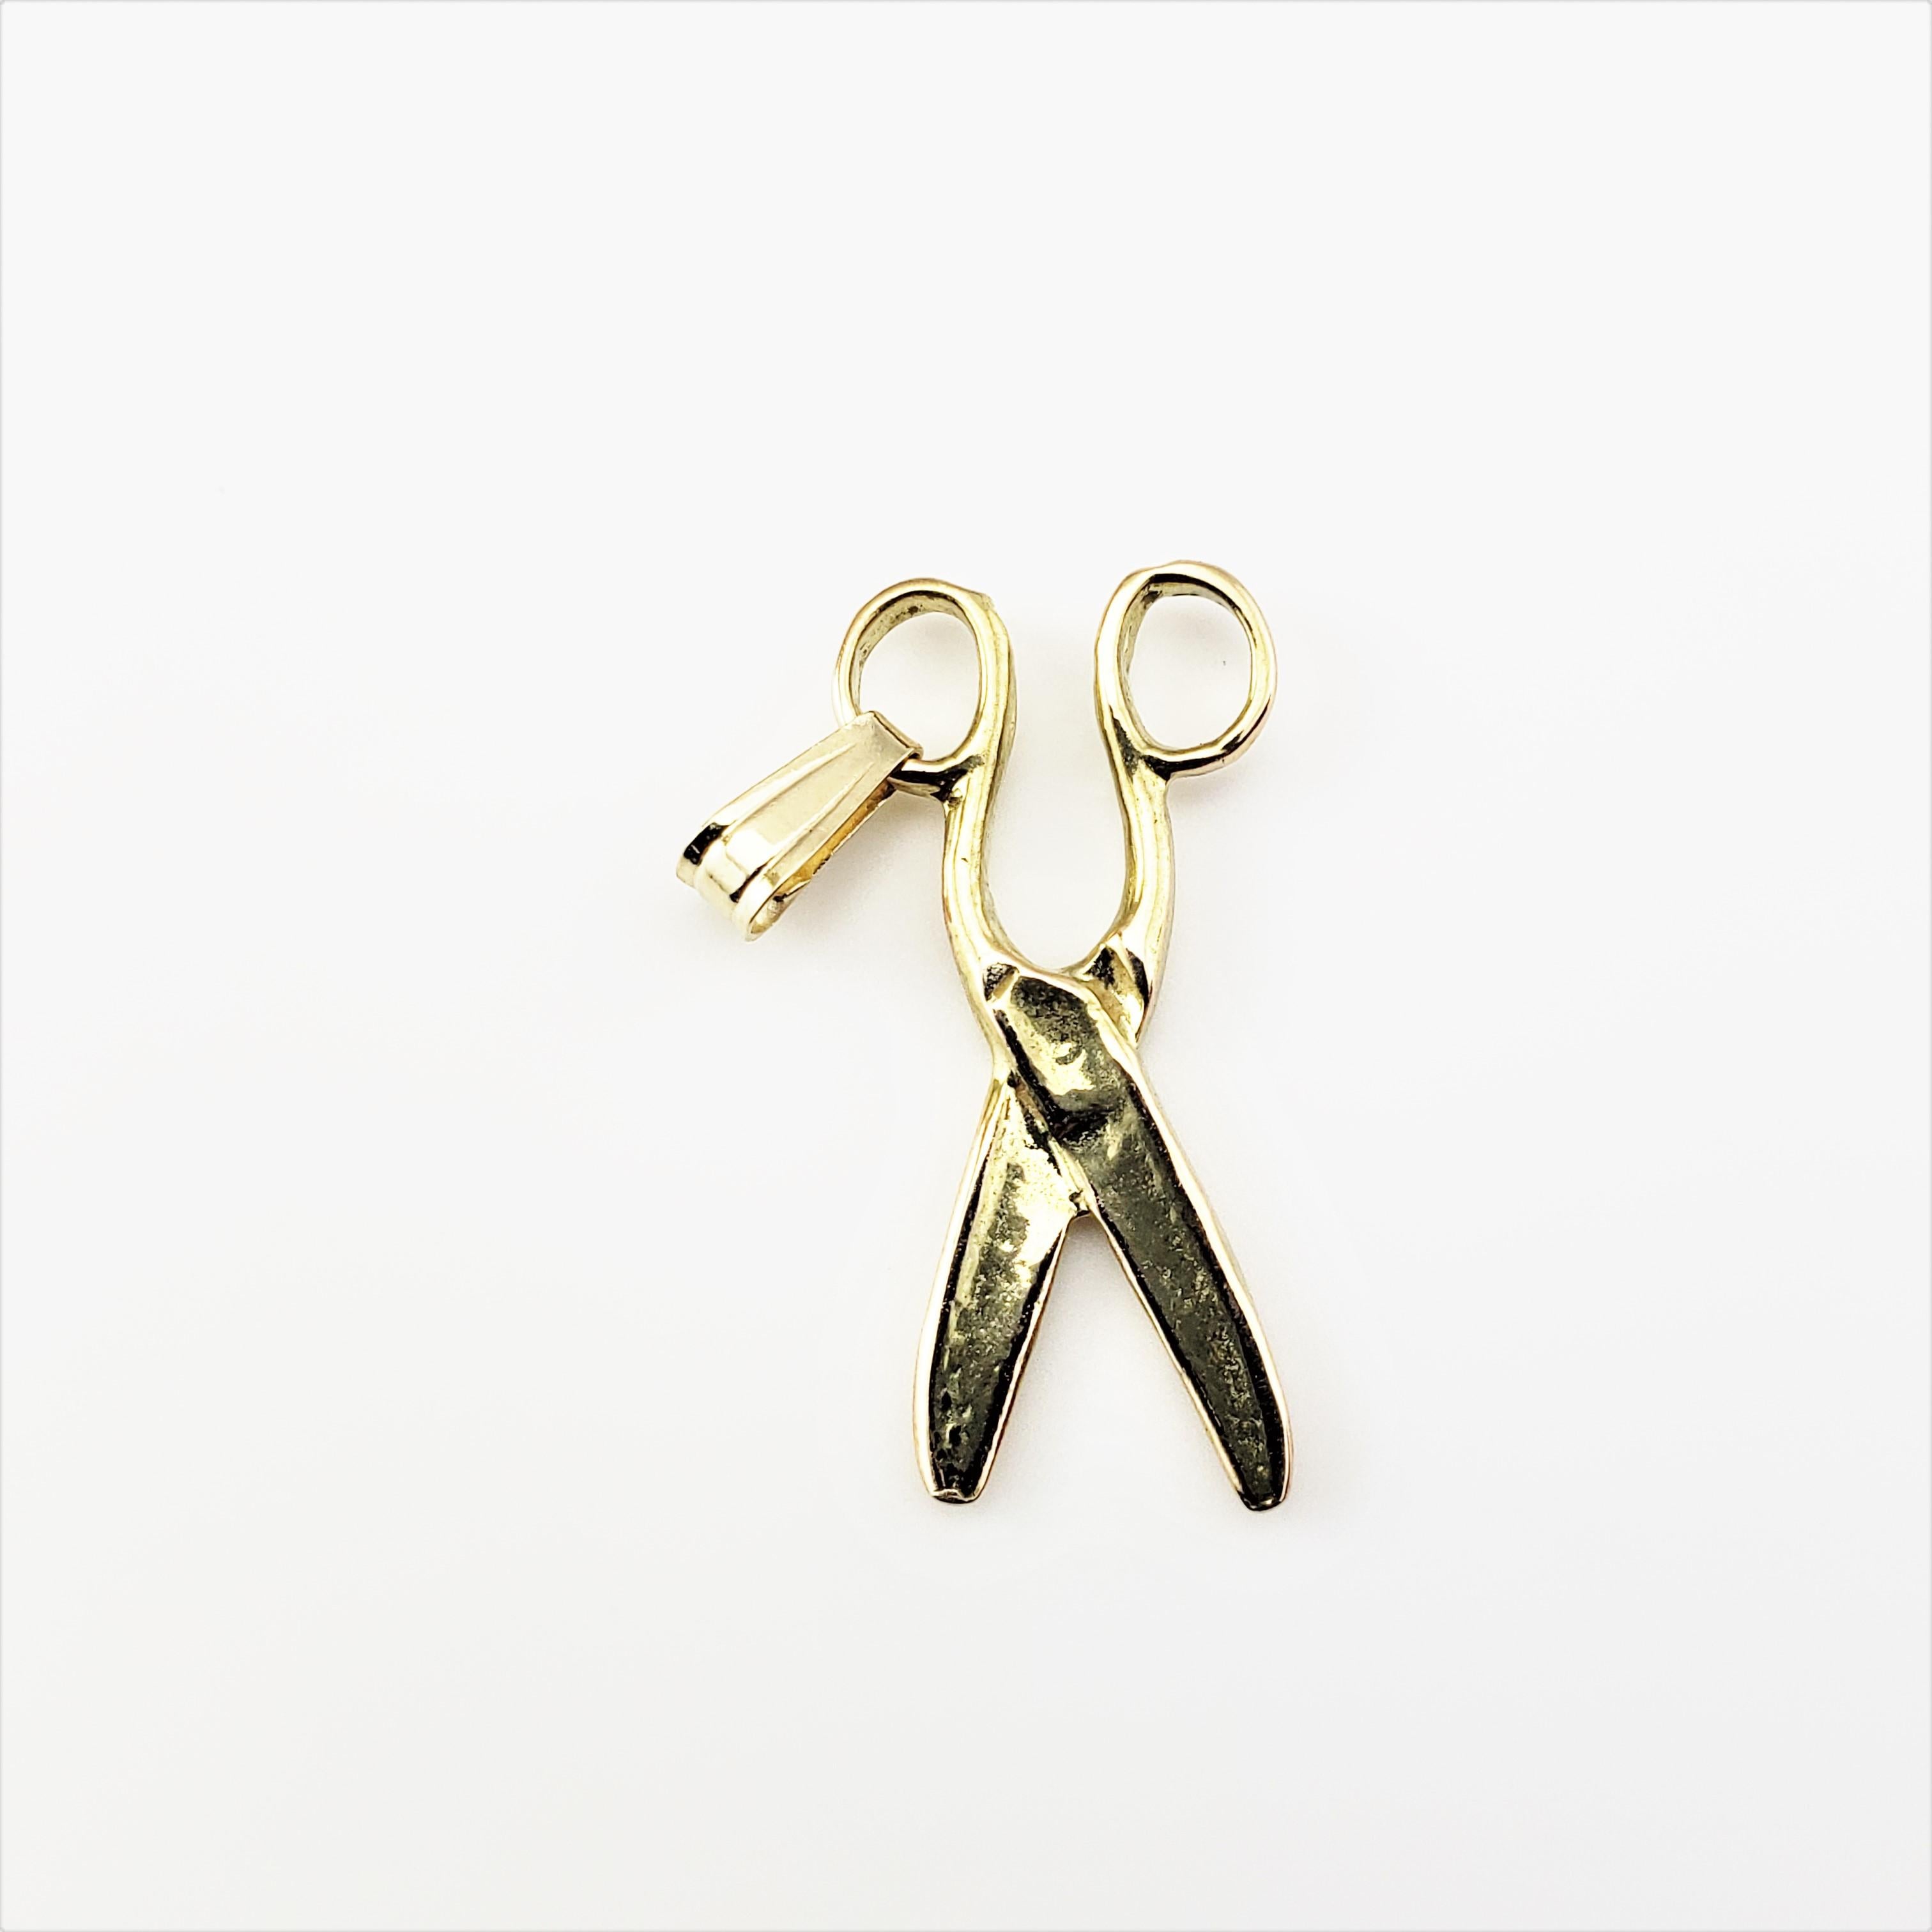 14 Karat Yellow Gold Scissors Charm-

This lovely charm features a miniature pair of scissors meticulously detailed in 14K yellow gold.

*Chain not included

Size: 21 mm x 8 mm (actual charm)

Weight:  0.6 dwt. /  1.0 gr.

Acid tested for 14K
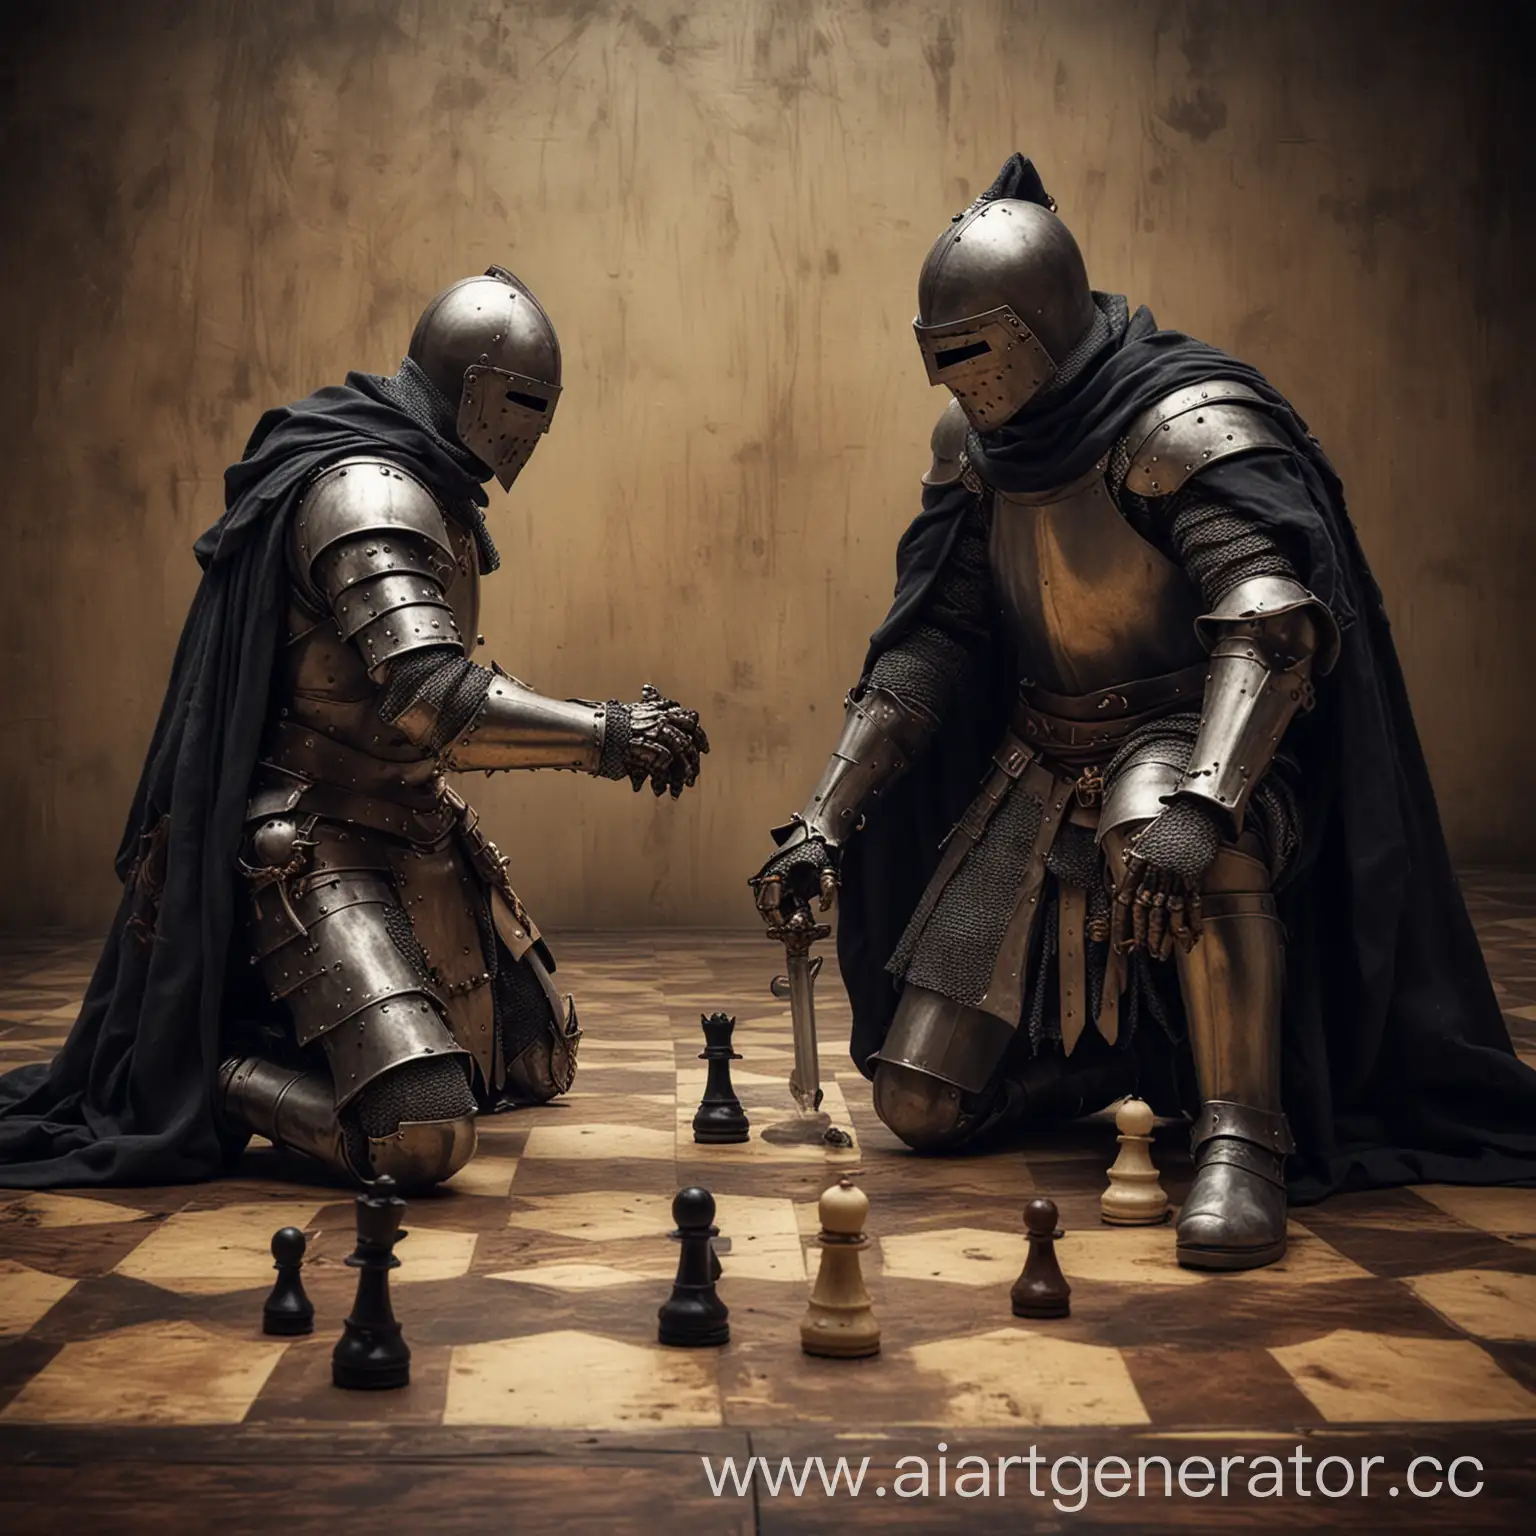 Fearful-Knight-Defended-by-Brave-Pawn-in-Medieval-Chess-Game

○ ○ ○ ○ ○ ○ ○

Could you transcribe exactly the lines from the line containing "This lovely charm" through the final line of the records, both included, and nothing beyond them? The pictures should be left out.

This lovely charm features a miniature pair of scissors meticulously detailed in 14K yellow gold.

*Chain not included

Size: 21 mm x 8 mm (actual charm)

Weight:  0.6 dwt. /  1.0 gr.

Acid tested for 14K
 Fearful-Knight-Defended-by-Brave-Pawn-in-Medieval-Chess-Game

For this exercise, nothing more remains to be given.